Considering the importance of variations in TLR7 levels for the susceptibility to autoimmune disease in humans, a potential involvement of TLR7 in the differences in susceptibility to Resiquimod-induced heart disease between strains was investigated. There are currently no single nucleotide polymorphisms known between the parental strains that could be predicted to cause changes in protein expression. Strikingly, flow cytometry showed that CFN mice expressed lower levels of TLR7 in splenocytes compared with the parental strains C57Bl/6J and NOD/ShiLtJ (Fig. 6F). A highly variable response of splenocytes to Resiquimod stimulation was observed in vitro between all four strains (Fig. 6G). However, all three parental strains showed a strong proliferative response of B-cells while numbers of T-cells and myeloid cell populations were maintained at baseline levels or decrease. In contrast, and in line with lower levels of TLR7 expression, CFN mice showed a less-pronounced increase in B-cell numbers, but also expanded numbers of T-cells and myeloid cells in the same culture (Fig. 6H).

Thus, in contrast to our expectations, increased levels of TLR7 expression and generalised immune hyper-responsiveness could not be detected. Instead, the unique response of CFN splenocytes to in vitro Resiquimod stimulation, comprising an overall lower expansion in cell numbers, but a parallel increase in B-cells, T-cells and myeloid cells, may provide a mechanistic basis for the observed differences on morphological and functional levels.

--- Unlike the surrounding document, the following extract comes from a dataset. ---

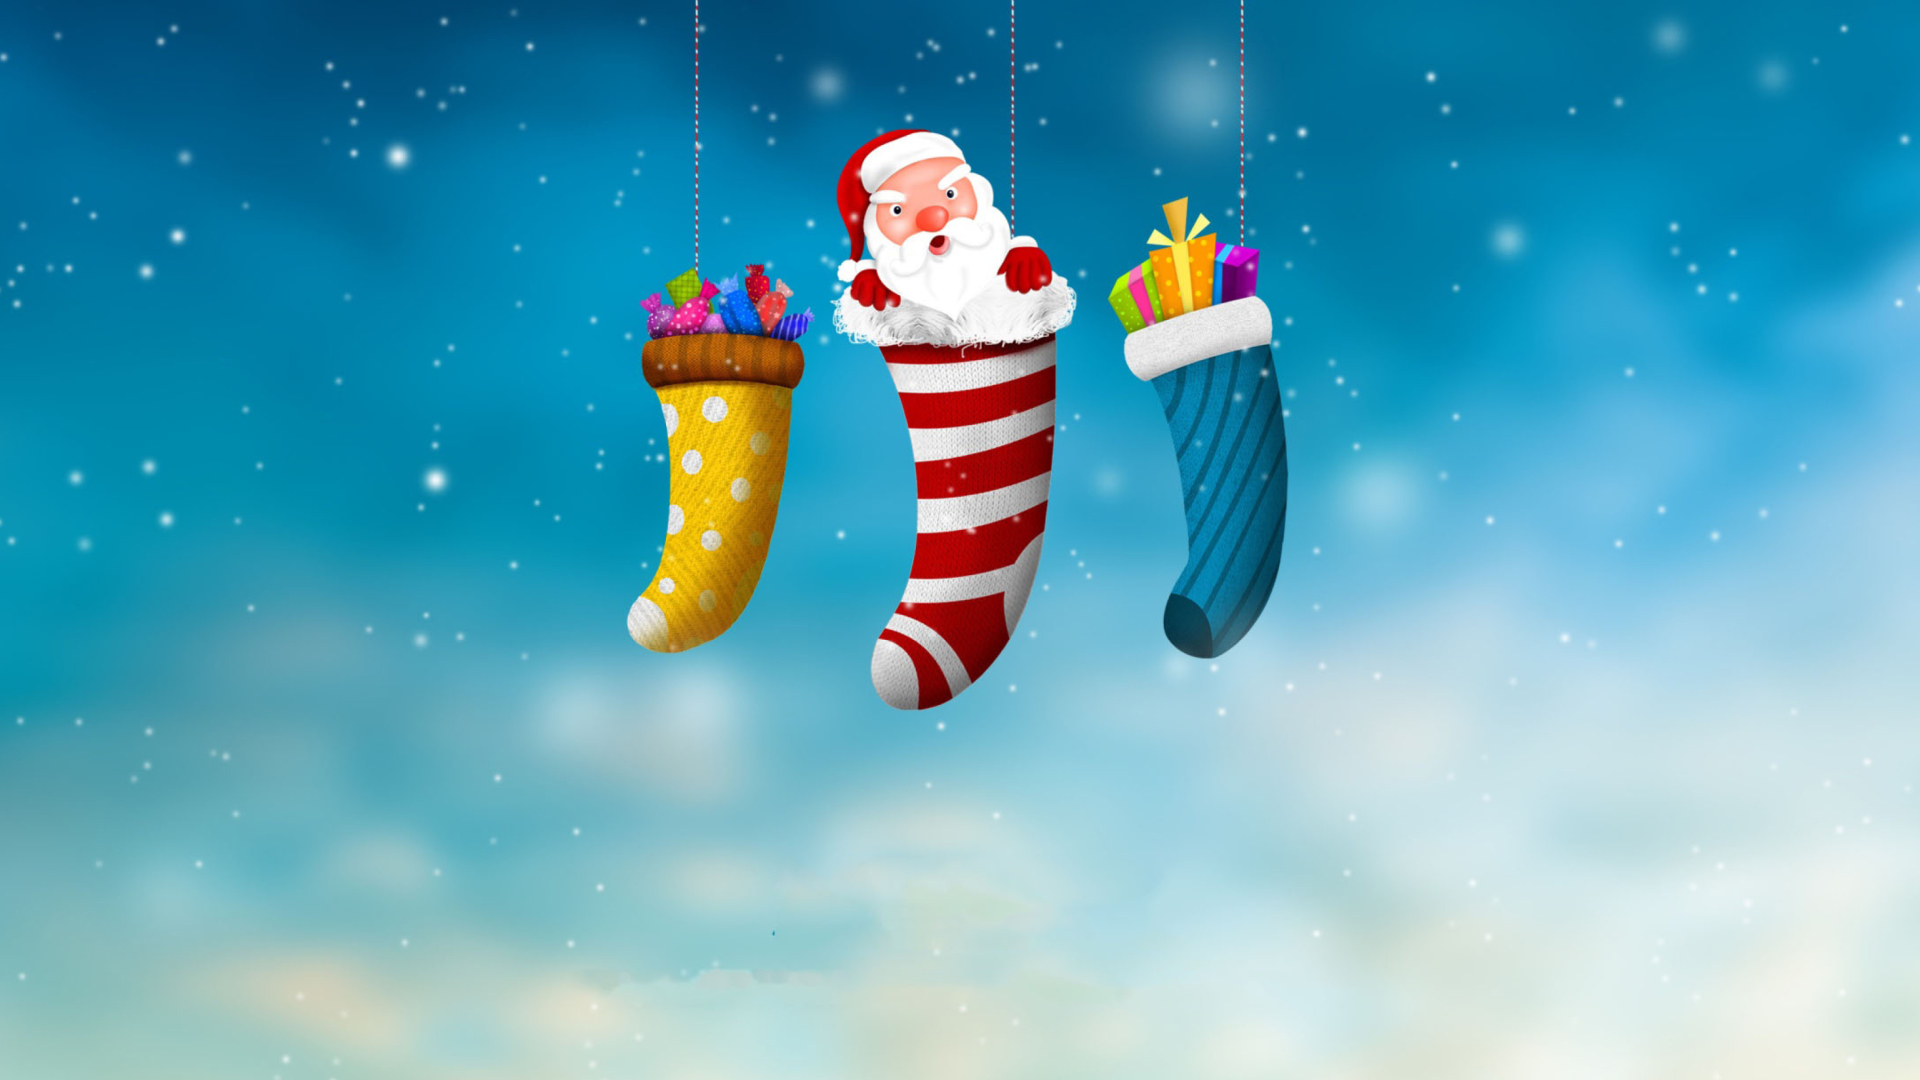 Santa Is Coming To Town wallpaper 1920x1080

Several models of primary heart-specific autoimmunity are well established and widely used, such as experimental autoimmune myocarditis (EAM) induced by immunisation with cardiac myosin, and Coxsackie virus B3-induced myocarditis (Ciháková et al., 2004). However, the field lacks a clinically relevant inducible model of heart disease that develops secondarily to systemic autoimmunity. Two models used to induce systemic autoimmunity, namely injection of pristane (Reeves et al., 2009) and chronic graft versus host disease (cGVHD) (Tyndall and Dazzi, 2008) have not been investigated for cardiac damage, and are compromised by their long and variable period until onset of symptoms (pristane), and severe restrictions due to genetic background, respectively. (cGVHD).

Resiquimod-induced systemic autoimmunity caused a morphological and functional cardiac phenotype that resembled immune-mediated myocarditis and dilated cardiomyopathy in a variety of autoimmune conditions, including SLE, systemic sclerosis, dermatomyositis and Churg–Strauss syndrome (Chen et al., 2014; Elliott, 2000; Jeong et al., 2015; Quartier et al., 2002; Zhang et al., 2012).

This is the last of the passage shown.